Textuality » 5ALS Interacting
The present extract is taken from “The Picture of Dorian Gray”, an 1891 philosophical novel by writer and playwright Oscar Wilde.
Right after a first read, the intelligent reader notice that the extract can be divided into three sequences:
- The first consist of the introduction of the setting (Basil’s studio) and of Lord Henry Wotton: it opens in the London studio of Basil Hallward, an artist. With him there is Lord Henry Wotton, who is reclining and smoking a cigarette.
- The second is represented by the presentation of Basil’s work, Dorian Gray’s portrait: Basil is finishing painting a portrait of "a young man of extraordinary personal beauty".
- The last one is a dialogue/discussion between Wotton and Hallward: Lord Henry praises the portrait as the best work that Basil has done and tries to convince him to show it at the Grosvenor. To Lord Henry's surprise, Basil states that he will not show it anywhere because "I have put too much of myself in it".
As you can see from this extract, the first chapter introduces two of the major characters of the book, and the reader learns a good deal about them.
Basil is an artist of apparently independent means. He is secretive, and the narrator even mentions that Basil has disappeared without notice in the past. In addition, the distinctive toss of his head, the one that "used to make his friends laugh at him at Oxford," characterizes Basil as someone who is thought of as an odd, yet endearing, fellow.

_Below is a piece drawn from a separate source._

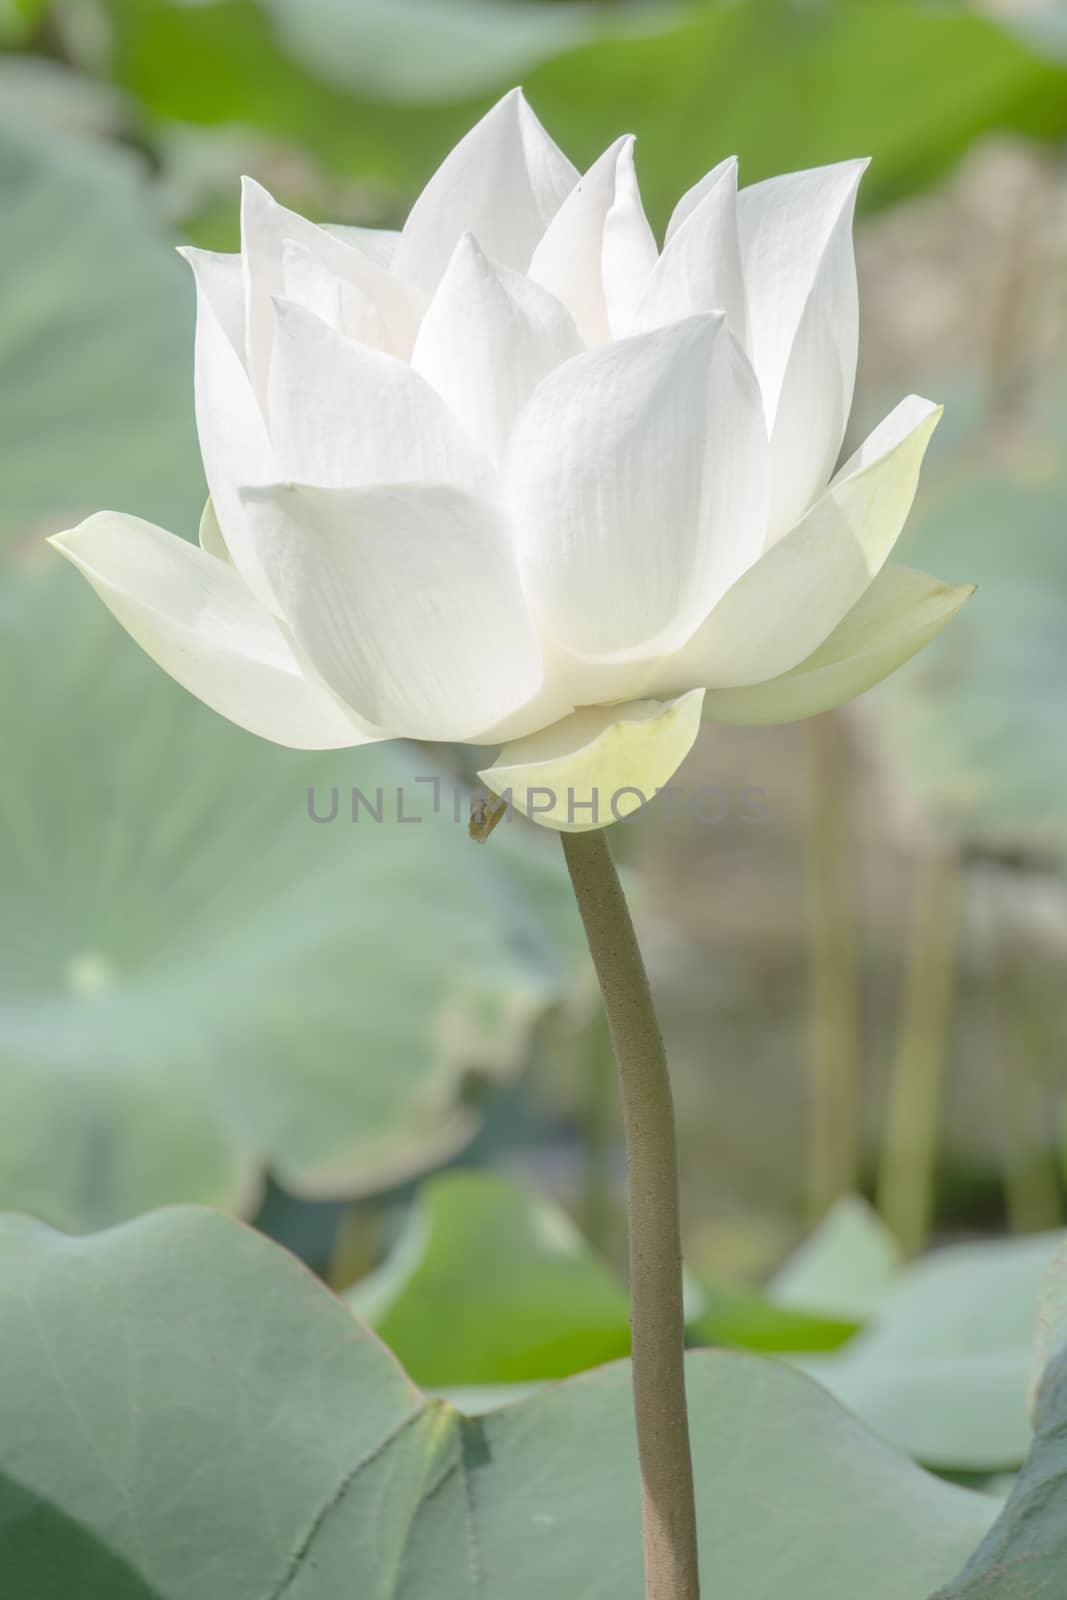 White Lotus in Basin by kobfujar

The other main character introduced is Lord Henry Wotton, a very intelligent and manipulative man. He smokes “opium-tainted” cigarettes and has a commanding presence no matter where he is or whom he socializes with. He is very judgmental and enjoys sounding profound (“The Academy is too large and too vulgar. Whenever I have gone there, there have been either so many people that I have not been able to see the pictures, which was dreadful, or so many pictures that I have not been able to see the people, which was worse. The Grosvenor is really the only place”).